Your objective: Return every line below as is, leaving out the pictures.

Dataset content:
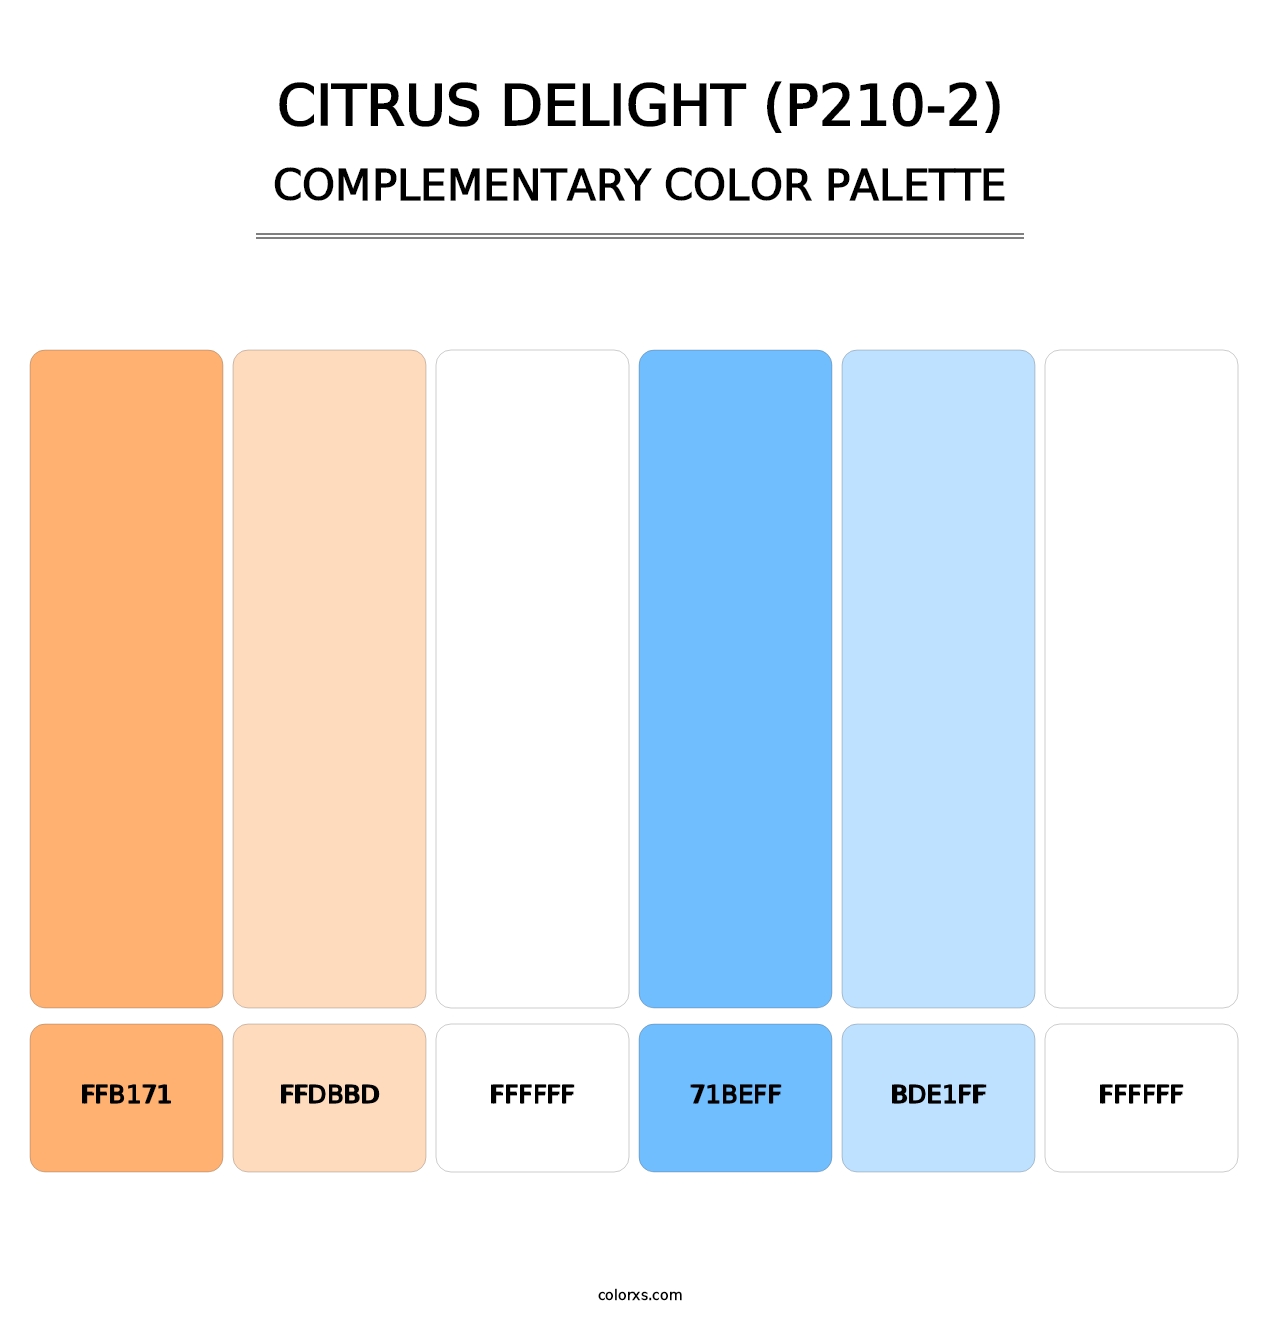 Citrus Delight (P210-2) - Complementary Color Palette
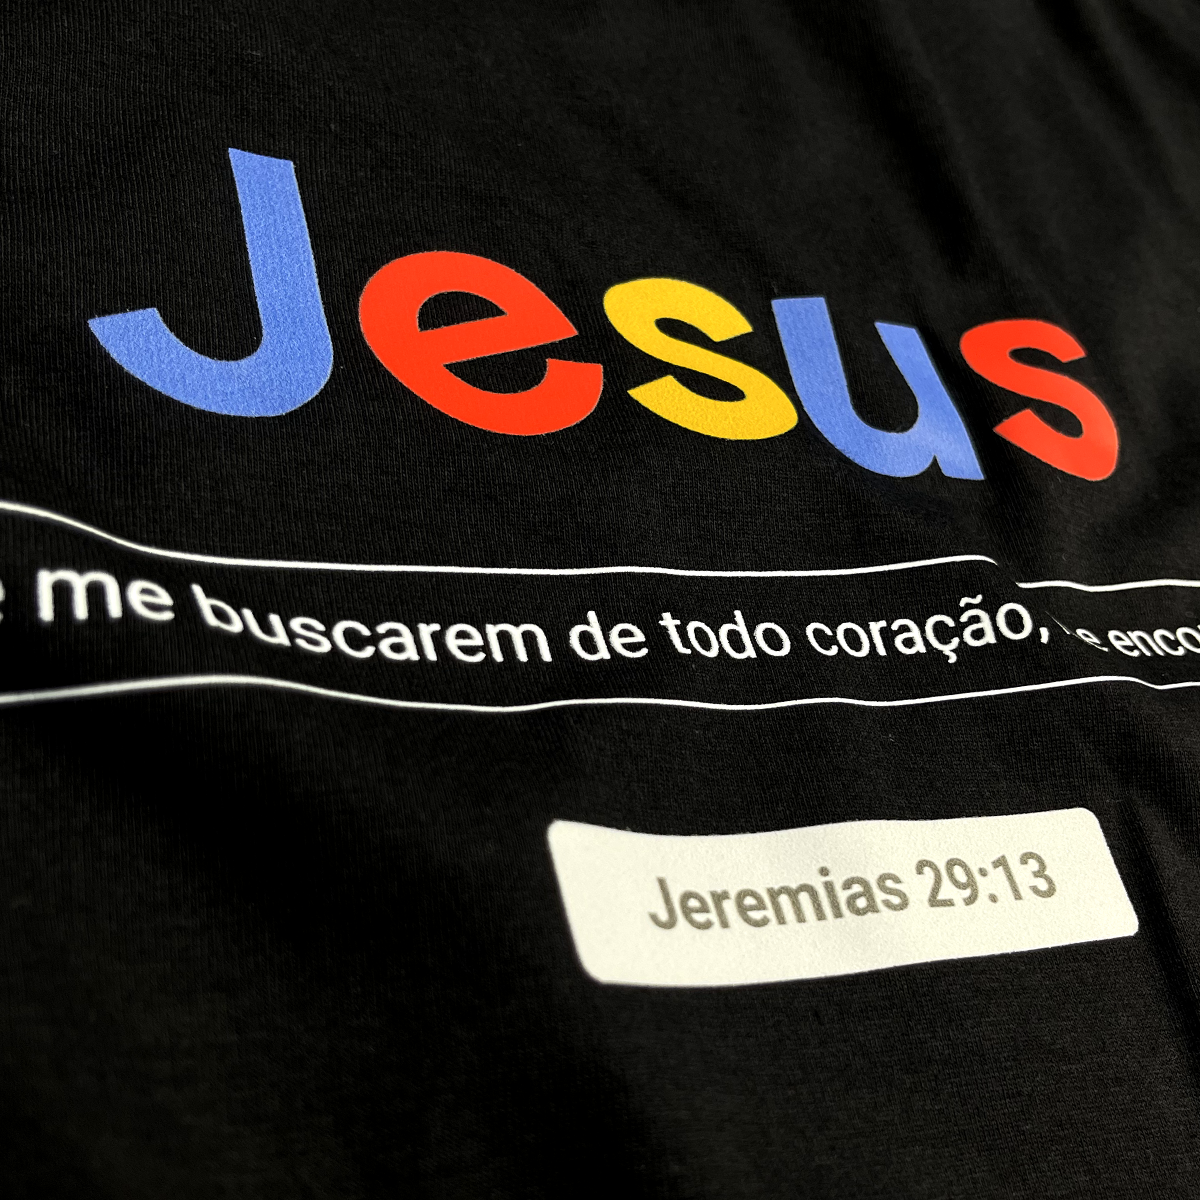 Camiseta Feminina Preta Jesus Se me buscarem de todo coração, me encontrarão
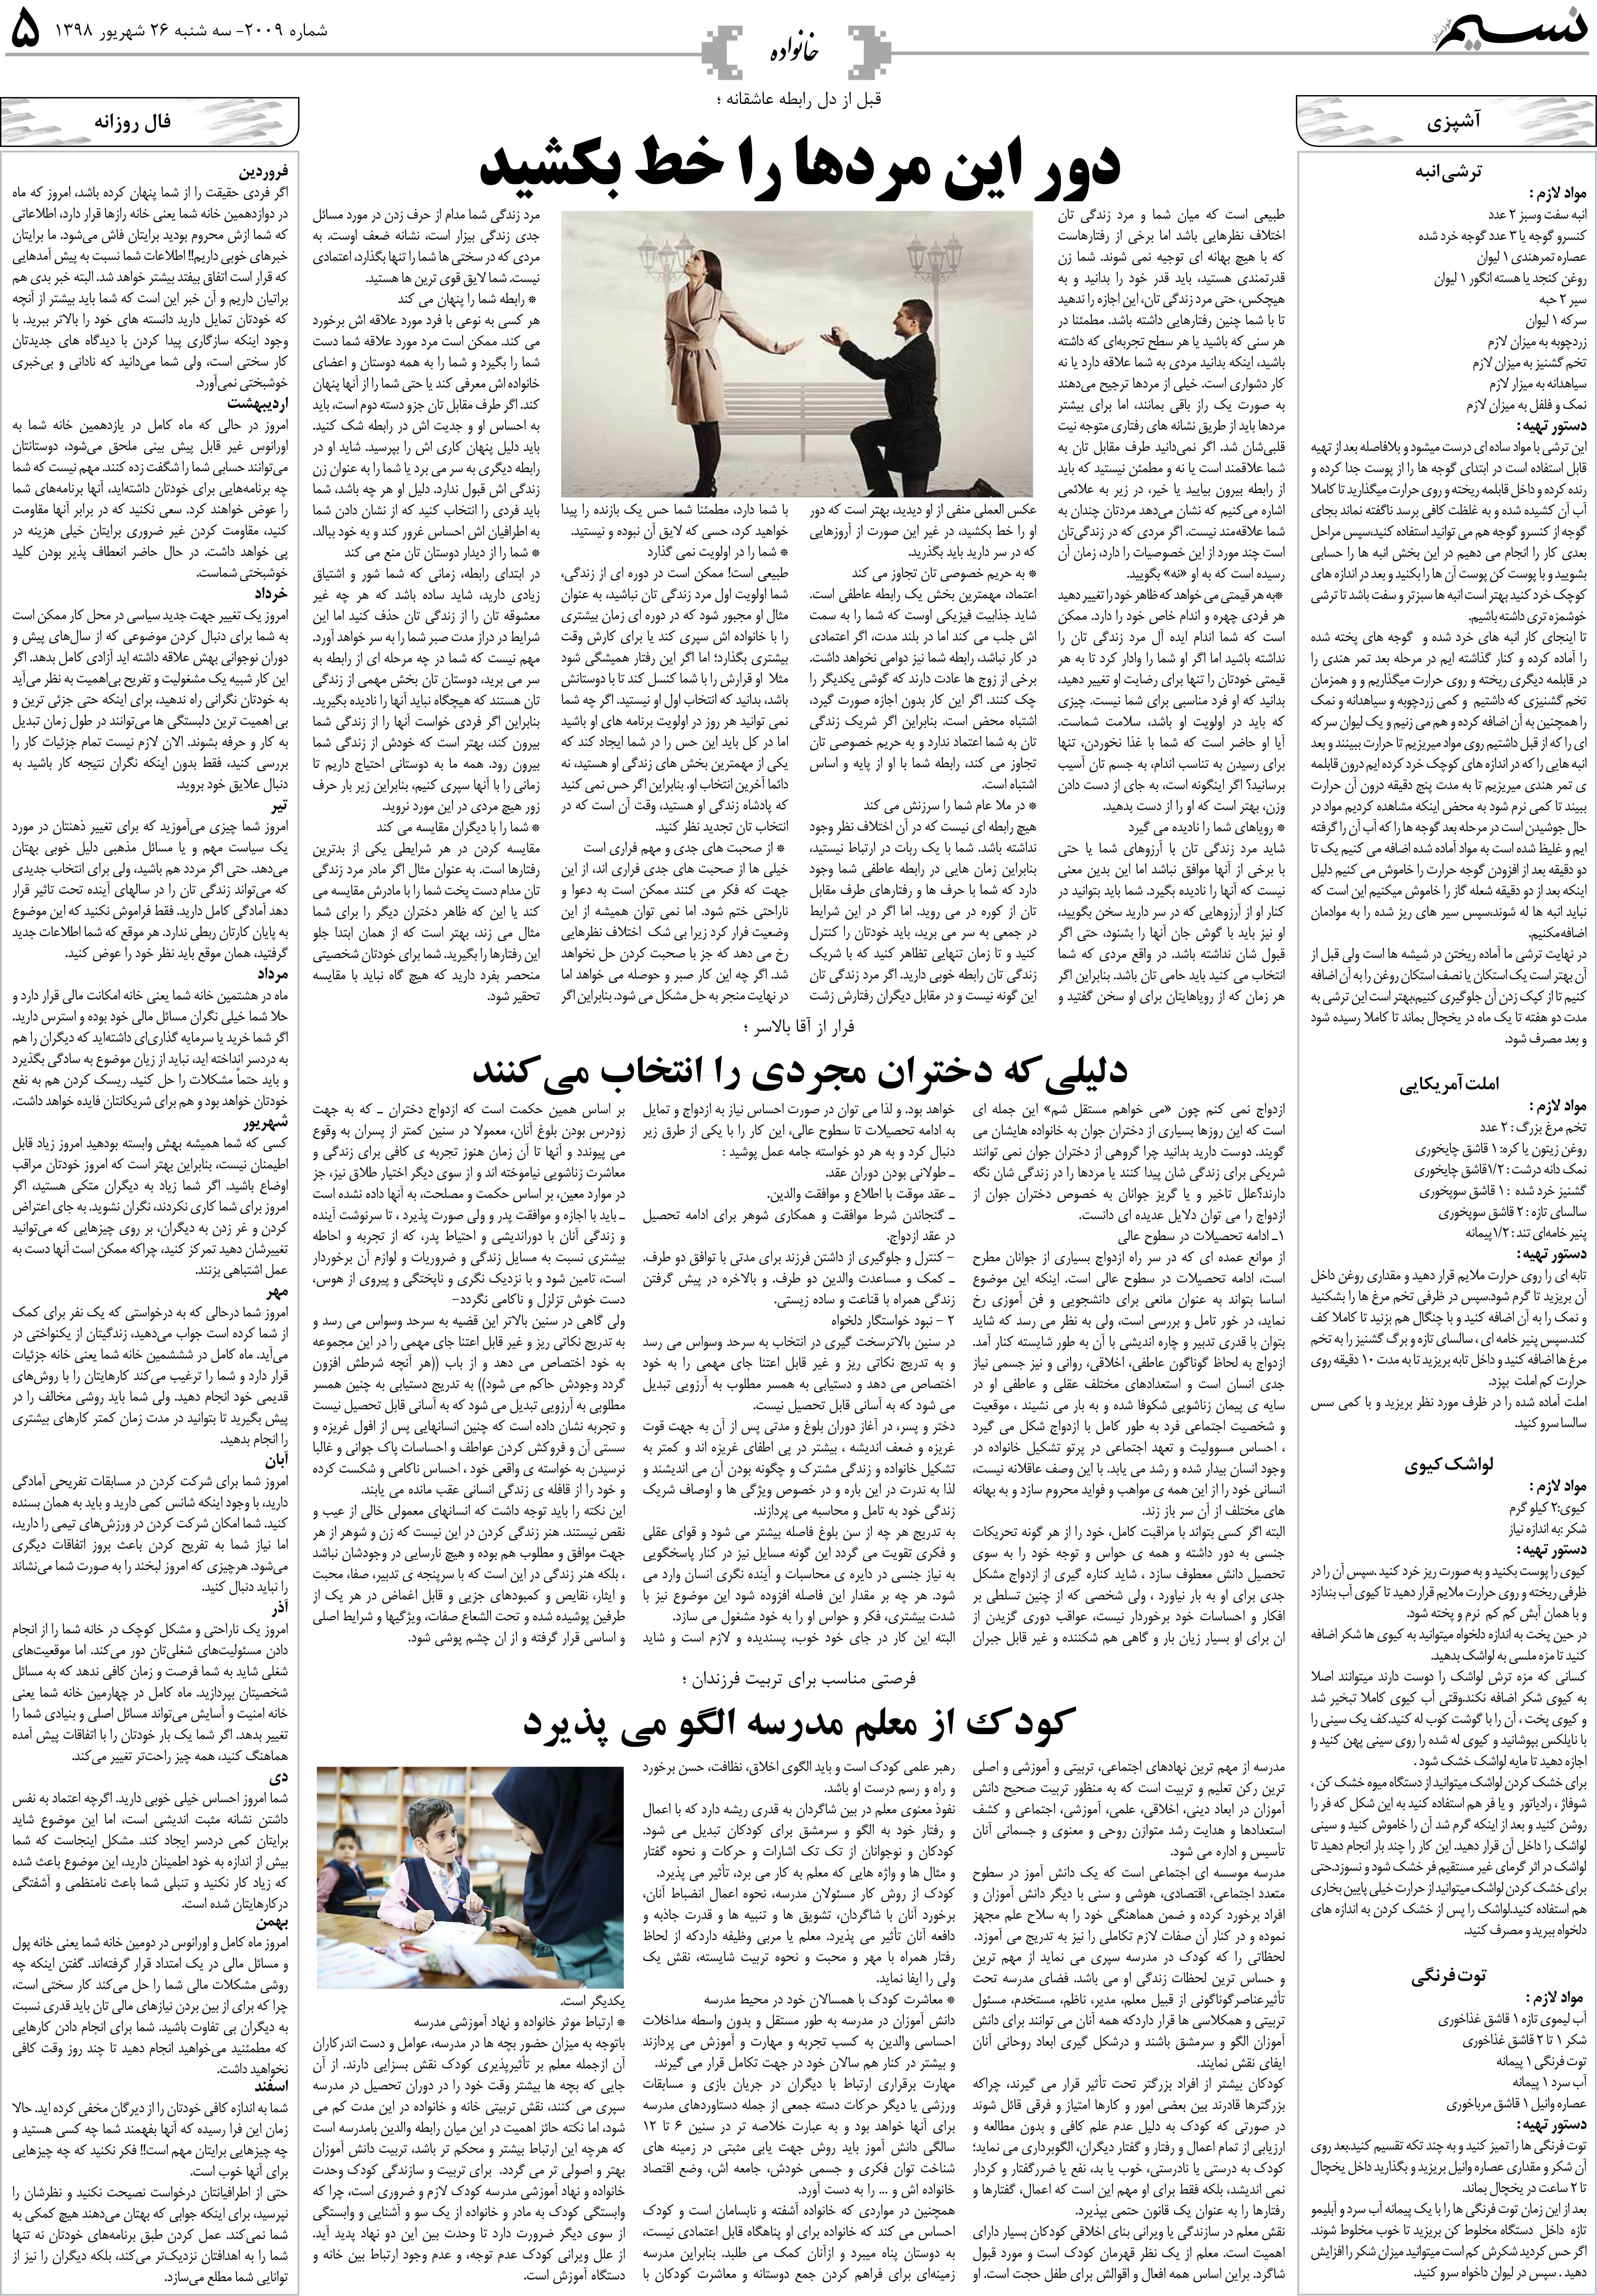 صفحه خانواده روزنامه نسیم شماره 2009

Task solution:
 Citrus Delight (P210-2) - Complementary Color Palette
 Camiseta Feminina Preta Jesus Se me buscarem de todo coração, me encontrarão
 صفحه خانواده روزنامه نسیم شماره 2009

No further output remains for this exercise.